39997/udp -> 0.0.0.0:40973
39998/udp -> 0.0.0.0:40972
39999/udp -> 0.0.0.0:40971
40000/udp -> 0.0.0.0:40970

This behavior mimics that of prominent NAT devices (including Iptables NAT), and could be used as a modern source port de-randomization primitive, which helps the attacker to restrict the available ephemeral ports to smaller ranges, whereas the static, persistent connections of the CoreDNS forwarder may extend the time window for a cache-poisoning attack indefinitely.

It is important to mention that the de-randomization scenario above is only one example where an unprivileged attacker could reduce their guessing efforts.
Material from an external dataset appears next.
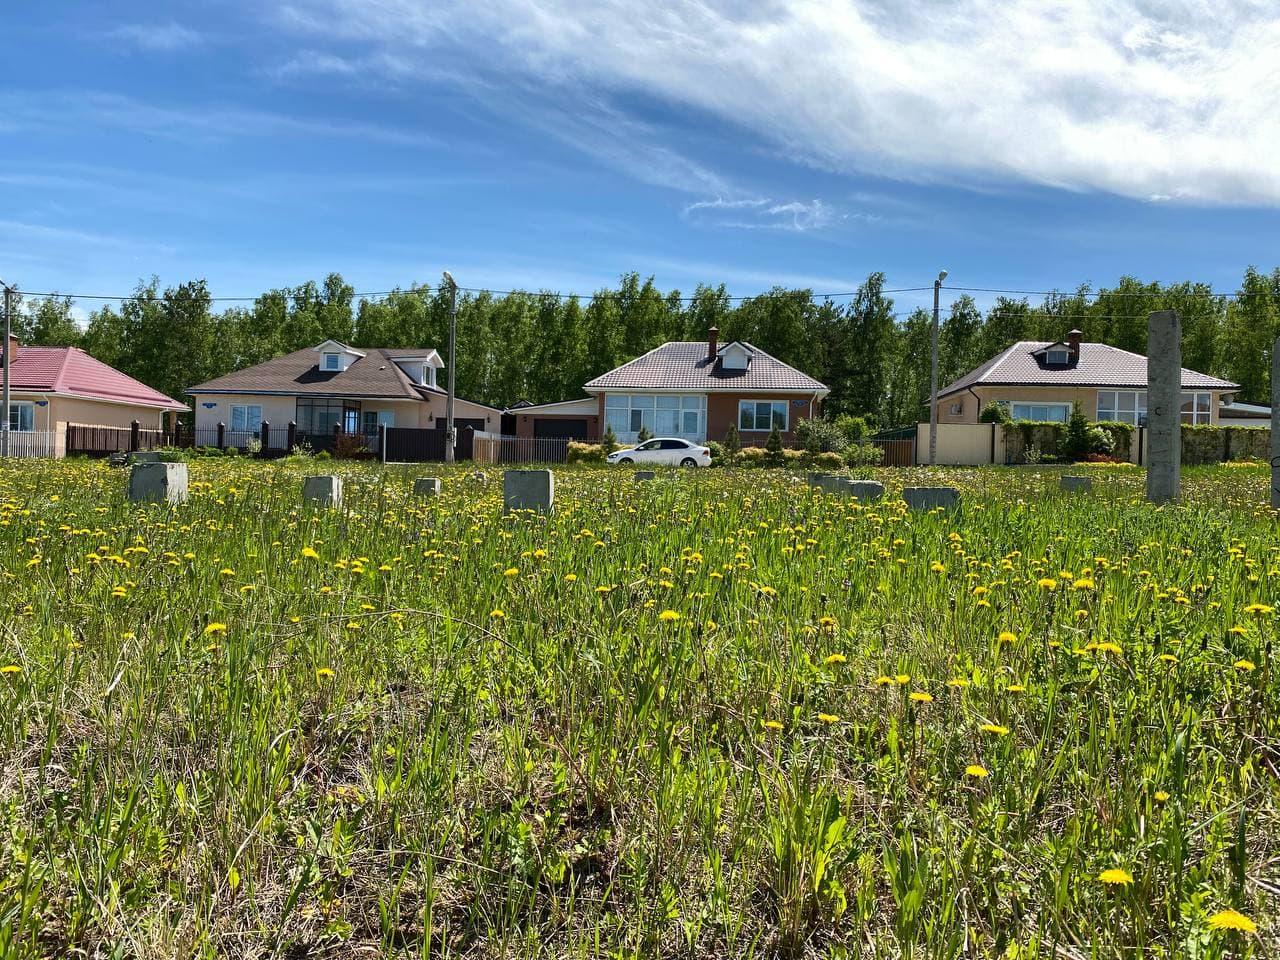 Купит участок земли в Емельяновском районе Элита

The crux of the matter is that the persistent connection gives the attacker a reasonably long time window during which they could send multiple forged responses with several different transaction IDs, and only those, once the source port is unveiled. There is indeed a huge difference between a random source port allocated for each new connection and which lasts only a few seconds, and a single static port that, although selected randomly, hardly ever changes.

To recap:

A possible mitigation strategy which would not radically affect the connection caching mechanism could be to simply try to detect Id enumeration attempts: after a certain amount of different message Ids for the same response are collected, the connection is either destroyed or the forwarder switches to TCP. It seems that Cloudflare uses this to mitigate injected spoofed replies to their resolvers, despite their predisposition to long-lived connections.

Presently, CoreDNS forwarder only verifies that the transaction Id of the reply matches that of the former request:

 plugin/forward/connect.go
...
        for {
                ret, err = pc.c.ReadMsg()
                if err != nil {
                    ...
                }
                // drop out-of-order responses
                if state.Req.Id == ret.Id {
                        break
                }
        }

Whichever reply carrying the right Id comes first, it might eventually succeed in poisoning the forwarder cache.